Spring 2016 The Power of Now Aha Moments. Aha moment #25: Using People as a Means to an End


Furthermore, if you continuously make the Now into a means to an end j the future, you will also make every person you encounter or relate with into a means to an end.


*mic drop*


My Own Bad Attitude



I've done all this pontificating about selfish ambition but I've realized how that's still so much of my worldview.  As a Single who didn't know NOTHING  about marriage and how wives should treat their husbands, I was doing this Bible Study called the Husband Project and I realized how bad my attitude was. I would think:


“This is too much work.
This is so lame. What is the point?
So The wife is supposed to do all this for the husband and what does she get out of it?
I don't know about this. I don't want to be too nice and get treated like a doormat.


I'm still about that self preservation life. Always trying to think ahead to protect myself from being disappointed, hurt, trampled On, ruined, or destroyed.

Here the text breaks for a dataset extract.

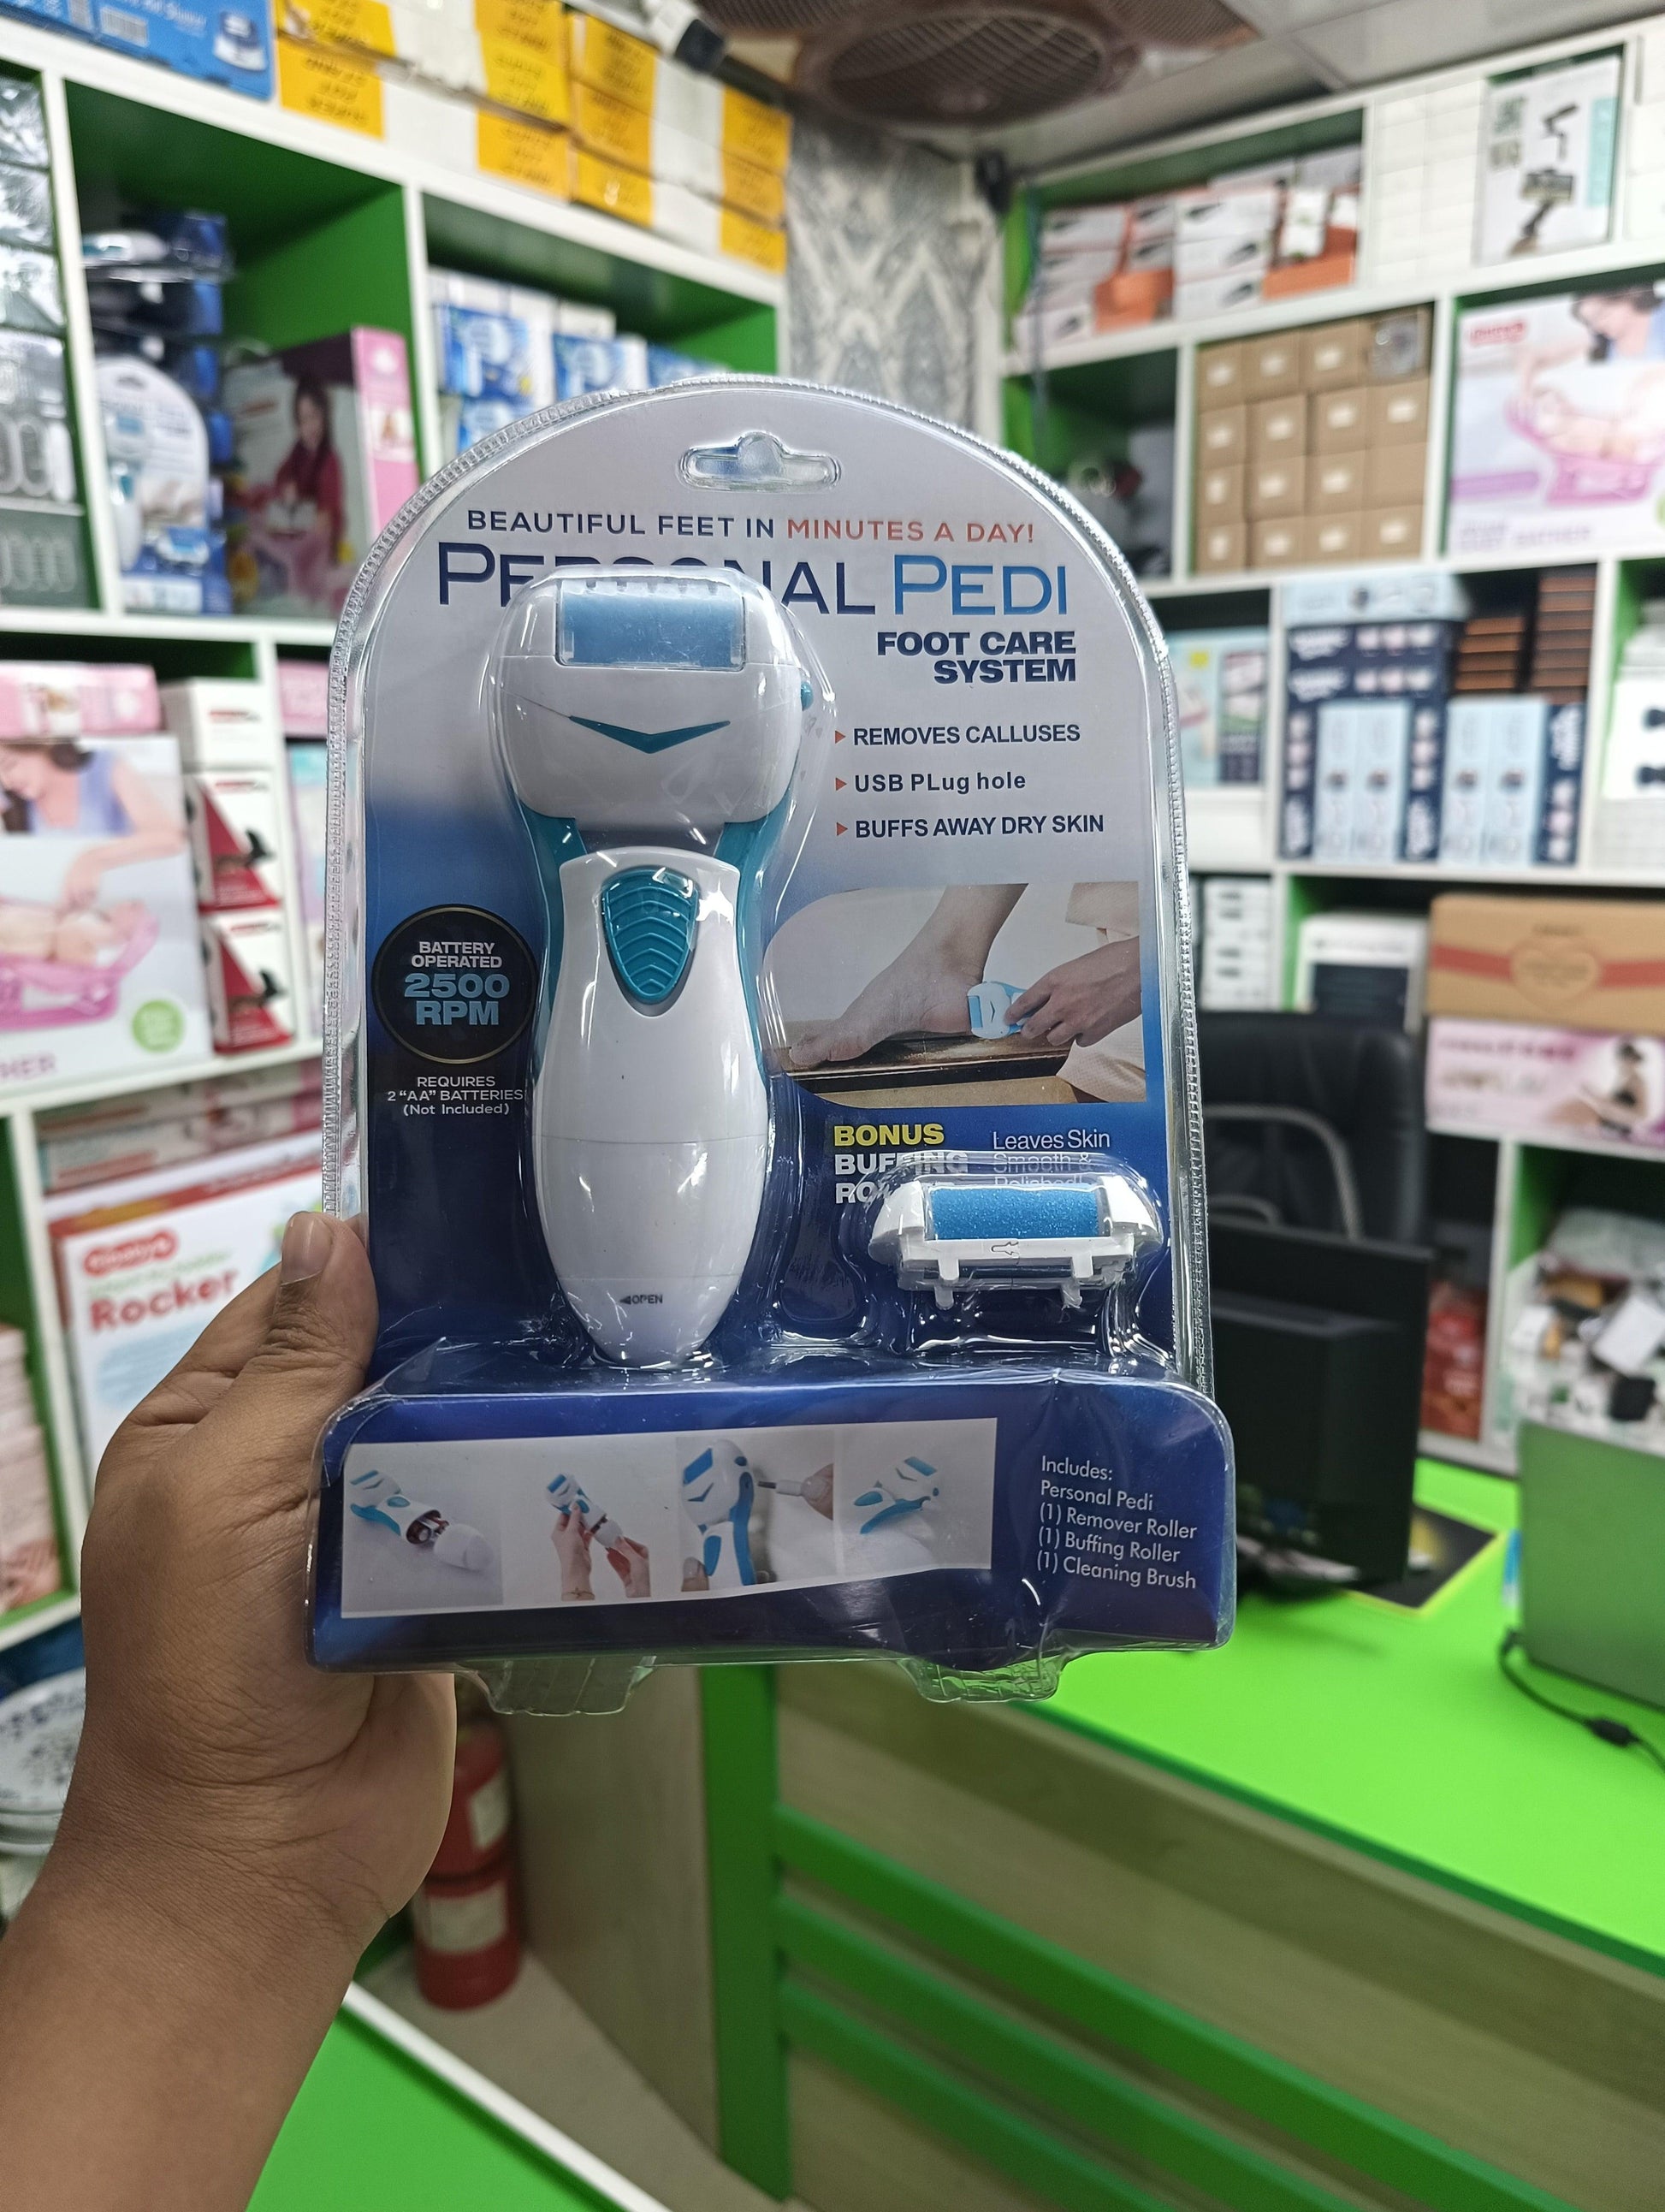 Foot care pedicure device - HT Bazar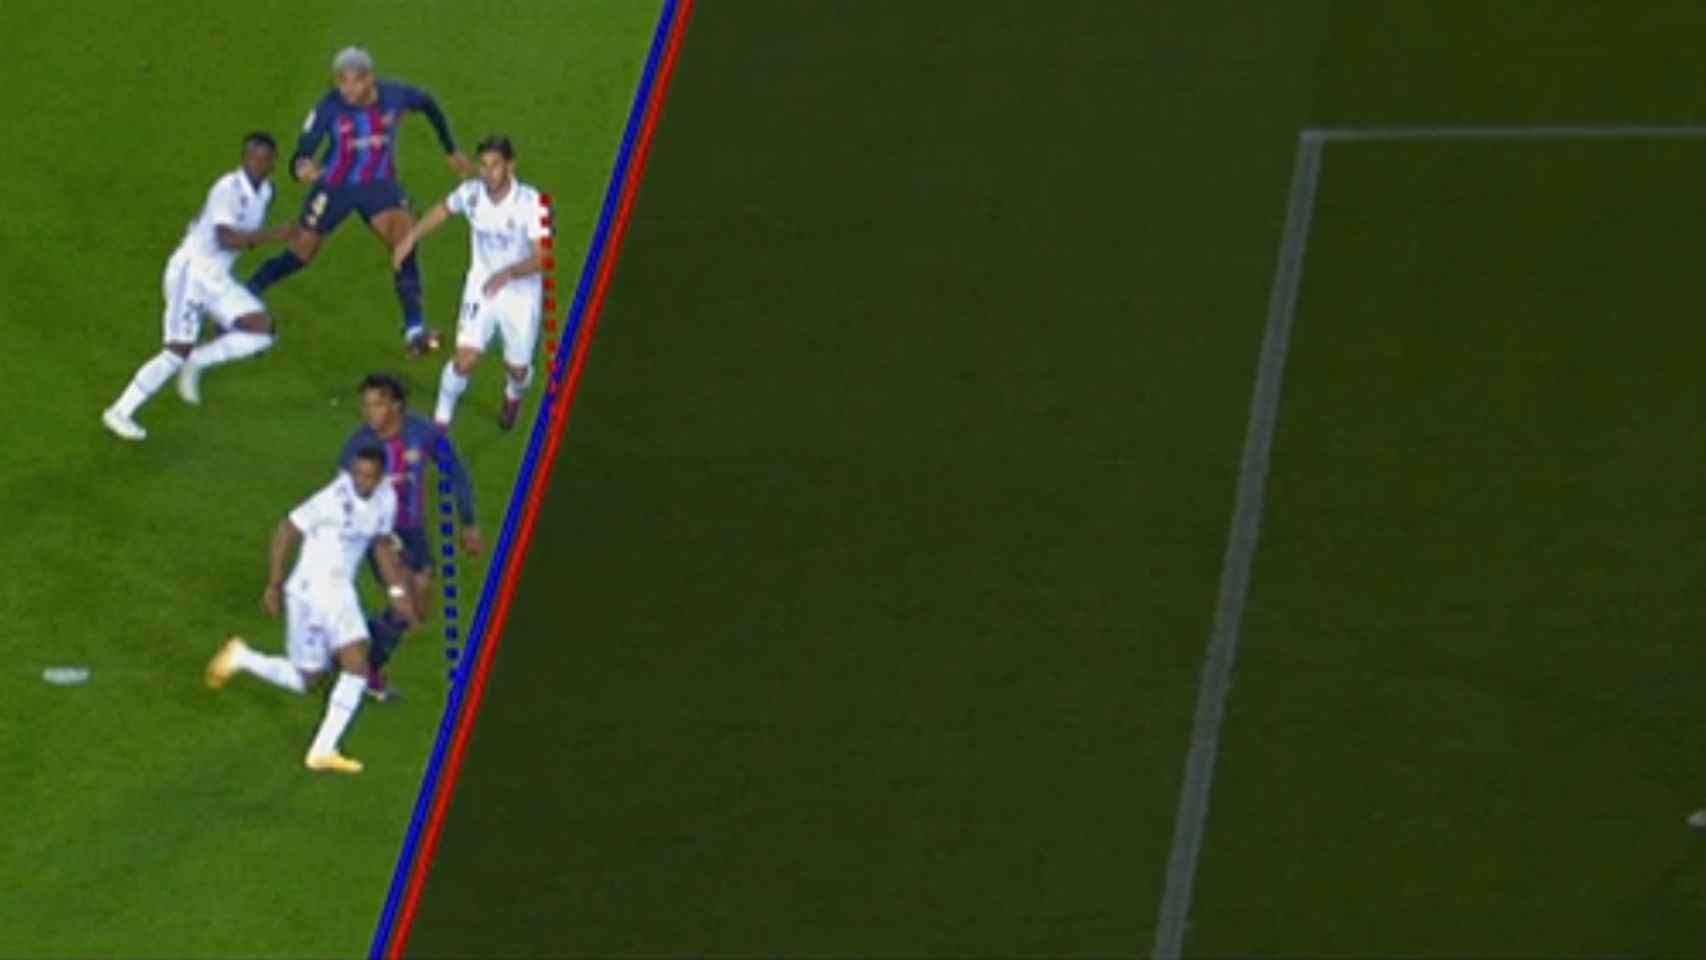 Gol anulado a Asensio por fuera de juego

It's been very eye opening to say the least. Honestly I've been wondering why I've been so relieved lately that I'm not married or have kids. I was wondering if it was because I have surrendered to the fact that I am not and that's okay. But I think it's because I know my heart would not be in it the way it should be. It would be to participate in a societal obligation or to prove others wrong. All selfish motivations and nothing to do with the other human being in the relationship


Eckhart Tolle

The relationship -- the human being-- is then of secondary importance to you, or of no importance at all what you can get out of the relationship is primary - be it material gain, a sense of power, physical pleasure, or some form of ego gratification


I'm Not Missing Out....




I mean seriously?  If many of us were to be completely honest with ourselves, then this is our primary motivation for relationships.  It has nothing to do with the other human being across from them.  In many cases we don’t even RESPECT them as human beings.  How can anything good come from that?


The Bible says:  Where there is envy AND selfish ambition, there is evil doing of every kind.  


I’m sharing this because the more I dig deeper into this journey and into myself, I have lost a lot of the desire I have had to be married because my heart and motives were not right and honestly I’m in a good place focusing on what I’m supposed to do rather than resisting the single journey.  I don’t think it’s a bad journey.  


I look around and see so many women (and men) who are trapped in these situations where they are not living and are being destroyed daily by their toxic relationship.  I see people I know enduring lying, betrayal, and becoming more bitter every single year.


I don’t think I am missing out. To do it right seems like more work and energy that I’m not willing to give at this point in my life.  I want to focus on my own business, helping people, and doing what I’m doing.  I wonder if I was actually so pressed about marriage because of other people.  I wanted to do it so that I didn’t look weird or unwanted to other people. I am over that.

People should not be a means to an ending...even a happy ending.


I don’t believe my salvation is in marriage or kids because I’ve seen so many people (mainly women) who placed their salvation in husband and children, and they were left bitterly disappointed. We must take responsibility for our own lives and using people as a means to an end...even a happy one is selfish ambition and will not end well.

As Eckhart Tolle says, I don’t believe we should EVER used other people as our means to an end whether we think it will lead to happiness or contentment.  It’s a principle that many people never want to acknowledge because it spoils many of our fairy tale ideas.